### Your instructions:
Your answer must hold only the lines below from the line containing "Camiseta antimosquitos mujer" through the line containing "Vase Camille Zylindrisch", each reproduced exactly.

### Supplied records:
--

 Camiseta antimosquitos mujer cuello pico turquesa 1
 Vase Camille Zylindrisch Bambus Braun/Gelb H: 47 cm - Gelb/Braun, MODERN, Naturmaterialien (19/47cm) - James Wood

--

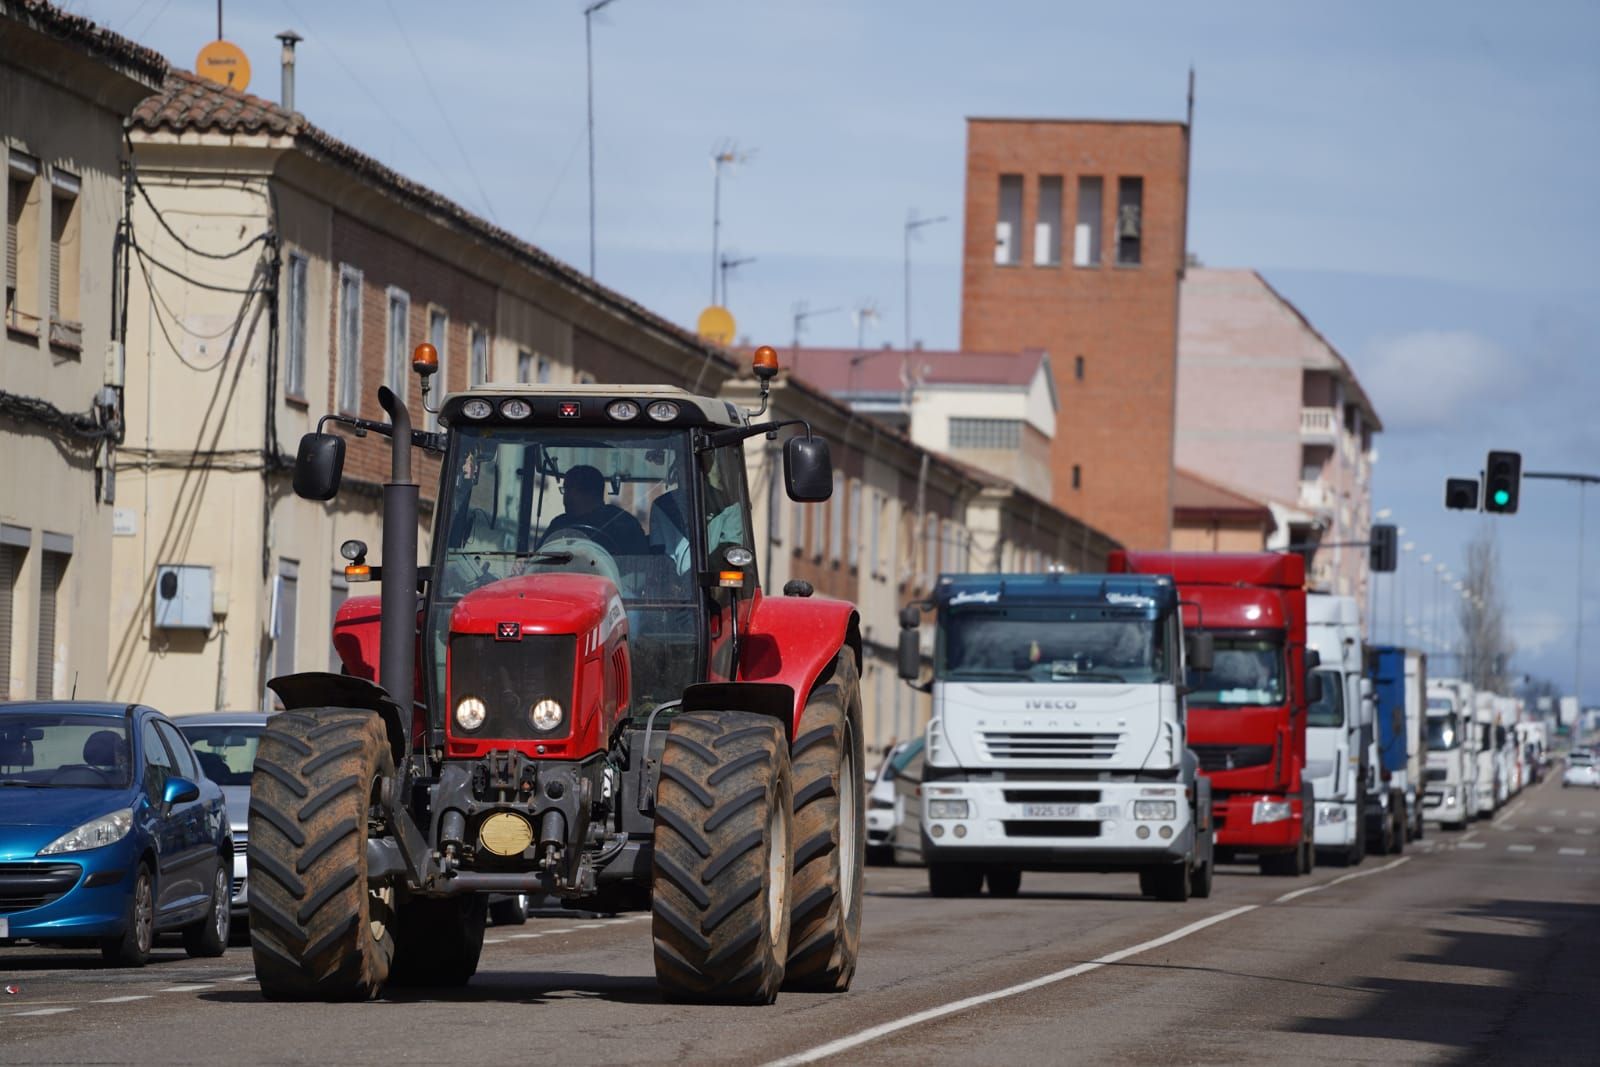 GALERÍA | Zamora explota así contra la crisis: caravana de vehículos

--

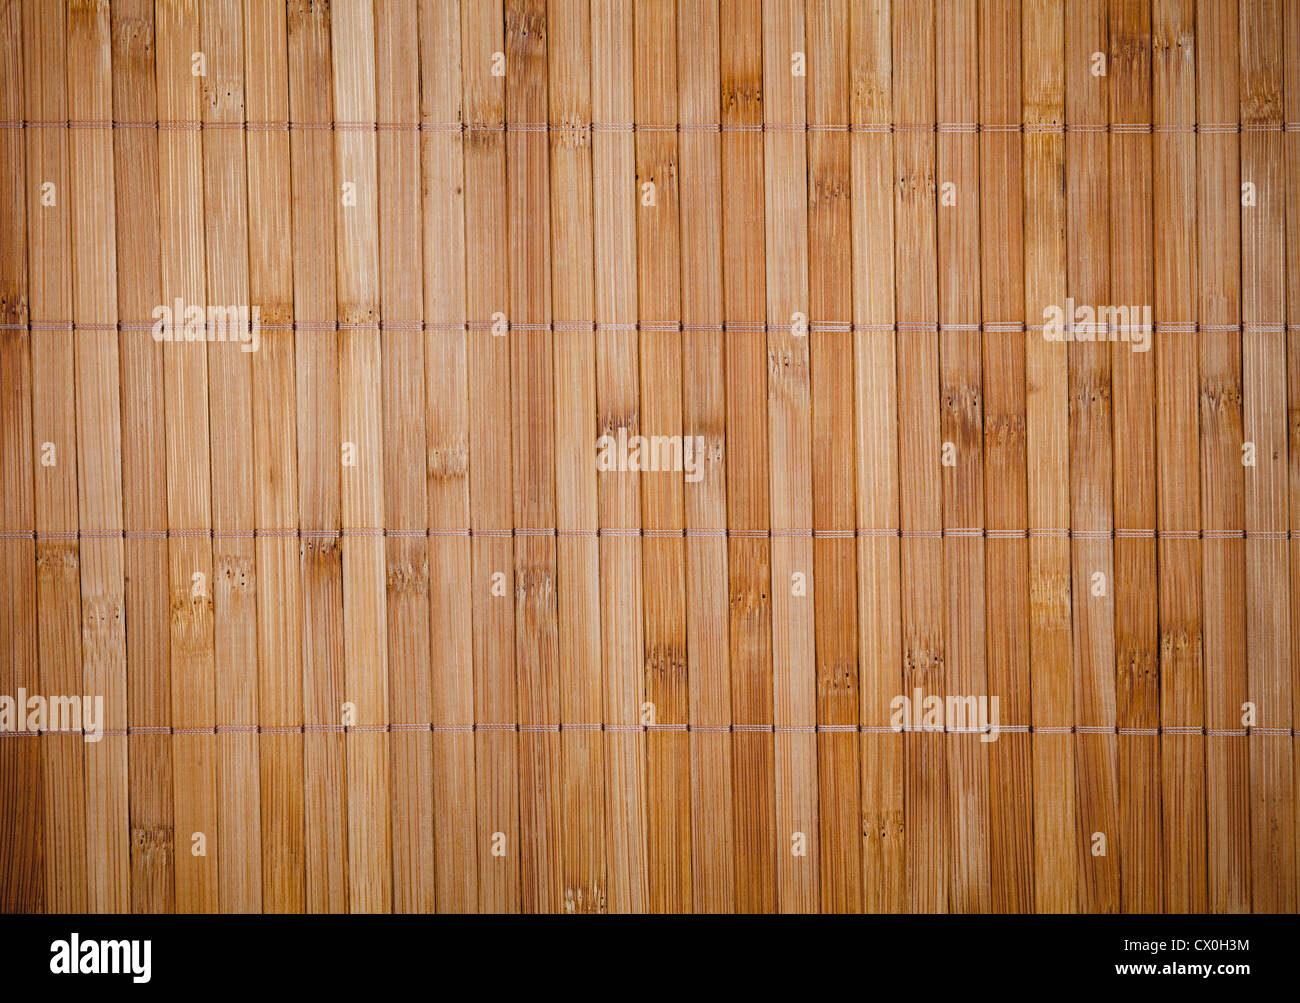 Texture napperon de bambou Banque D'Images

--

### Problem solution:
 Camiseta antimosquitos mujer cuello pico turquesa 1
 Vase Camille Zylindrisch Bambus Braun/Gelb H: 47 cm - Gelb/Braun, MODERN, Naturmaterialien (19/47cm) - James Wood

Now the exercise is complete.